There appears to be a strong relationship between the size of the check and the amount that a table tips. And the fact that there is a very low p-value of .0001 indicates that a relationship this strong would be highly unlikely to have appeared in the data if the empty model were true. But should the low p-value give us confidence that size of the check actually caused the increase in Tip
?
Causality cannot be inferred purely based on the results of statistical analysis; we must also take into account the research design.
When we were investigating the effect of smiley face on Tip
we had the advantage of random assignment: each table at the restaurant was randomly assigned to Condition
, to either get a smiley face or not. Because of random assignment, any variation in tips across conditions could be assumed to be either the result of smiley face (the one thing the researchers varied across conditions) or the result of pure randomness. A low p-value in this case would have supported the inference that smiley face caused higher tips because it gave us a basis for ruling out pure randomness as an explanation.
The analysis of the relationship between Check
and Tip
is a different story, however, because tables were not randomly assigned to check amounts.

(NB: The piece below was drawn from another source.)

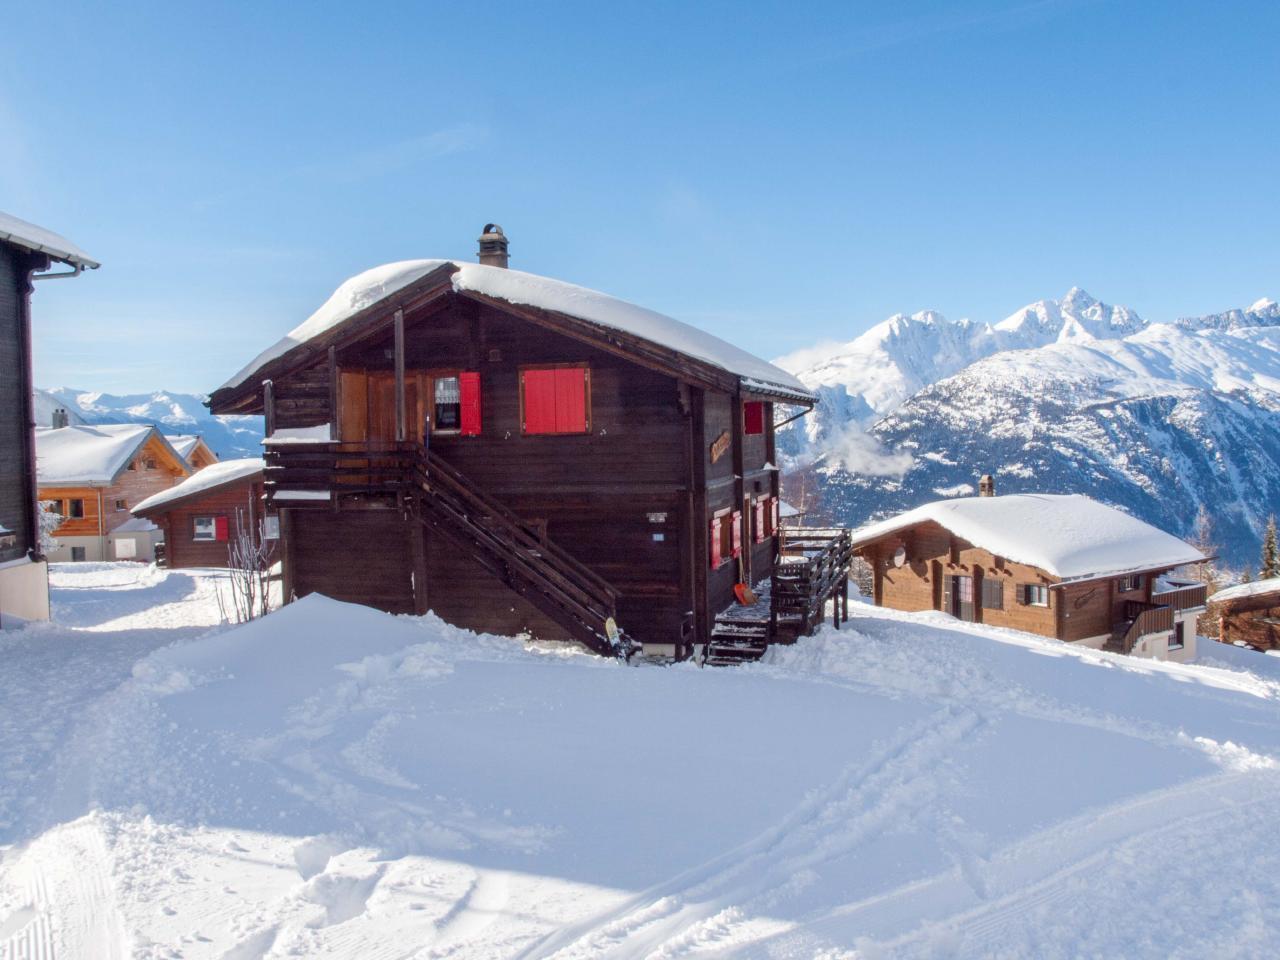 Ferienwohnung Urchiges Walliserchalet auf Rosswald | Alphütte OG (2171131), Rosswald, Brig - Simplon, Wallis, Schweiz, Bild 15

Because of this correlational design, we must consider the possibility that other factors, not measured by the researchers, might have actually caused the apparent relationship between Check
and Tip
. For example, if the tables with large checks were all celebrating something and those with smaller checks were not, we would have to consider that it might be the celebratory mood of the table, and not the check amount, that was causing the variation in tips.
Even in a correlational design, a low p-value can still help us rule out pure randomness as the only cause of variation in tip. But it cannot tell us that the variable Check
is therefore a cause of variation in Tip
. The variation could be due to check size, but also could be due to other confounding variables that we haven’t measured or even considered. In a correlational research design, p-value does not necessarily indicate a causal relationship.